Headquartered in Tokyo, JINED is three-quarters owned by nine electric power companies (so-called "epcos"): Tokyo Electric Power Co (Tepco) (20%); Kansai (15%); Chubu (10%); Hokkaido (5%); Tohoku (5%); Hokuriku (5%); Chugoku (5%); Shikoku (5%); and Kyushu (5%).
Three nuclear engineering companies each hold a 5% stake in the consortium: Toshiba, Hitachi and Mitsubishi Heavy Industries (MHI).
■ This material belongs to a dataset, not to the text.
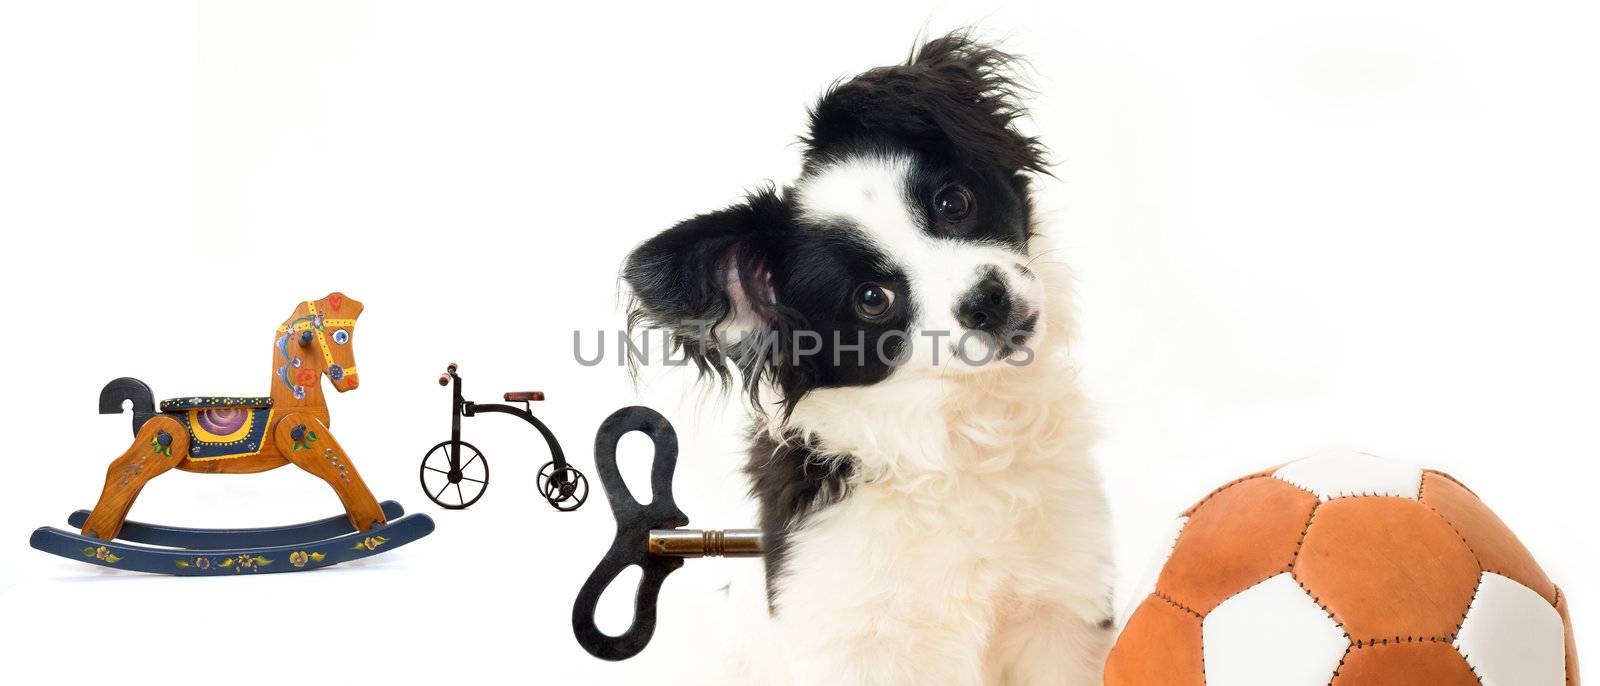 not to abandoned dogs, photo concept, puppy and toys

The remaining 10% of JINED is held by Innovation Network of Japan (INCJ) - a joint venture of government and industry.
In a statement, Akihiro Ohata, Japan's minister of economy, trade and industry, said: "Internationally expanding the Japanese nuclear power industry is named as a key goal in the 'New Growth Strategy,' the government's recently formulated policy." He added, "This goal is highly significant for establishing safe and reliable nuclear power plants based on Japanese technologies, contributing to Japan's economic growth, and maintaining and enhancing Japan’s nuclear power industry and nuclear power infrastructure."
Ohata said that the Ministry of Economy, Trade and Industry (Meti) will support the initiative by continuing "to make utmost efforts in cooperation with related ministries to hold high-level intergovernmental discussions, facilitate the conclusion of bilateral agreements on nuclear energy cooperation, assist other countries in laying the groundwork for nuclear power generation (development of human resources, the legal framework, etc), and enhance the risk compensation capability of public agencies."
Ichiro Takekuro, former executive vice president of Tepco, has been appointed president of JINED, which has equity capital of ¥200 million ($2.5 million).
In July, a planning committee for establishing the consortium was formed including utilities Tepco, Chubu, Kansai and plant manufacturers Toshiba, Hitachi and MHI, plus Meti, which has been considering a public-private proposal aiming to secure nuclear power plant orders from Vietnam.
At that time, the consortium announced an office in preparation for JINED. The new office has three divisions: a 'Vietnam' division, a 'Business (BWR/PWR)' division and a 'General Affairs' division. The decision to set up the office in advance of the launch of the corporate entity itself was made "to ensure the swift execution of the promotion activities," the partners said.
Japan and Vietnam are reported to have now agreed on a basic bilateral nuclear cooperation agreement which would open the way for Japan to export nuclear energy technologies to Vietnam.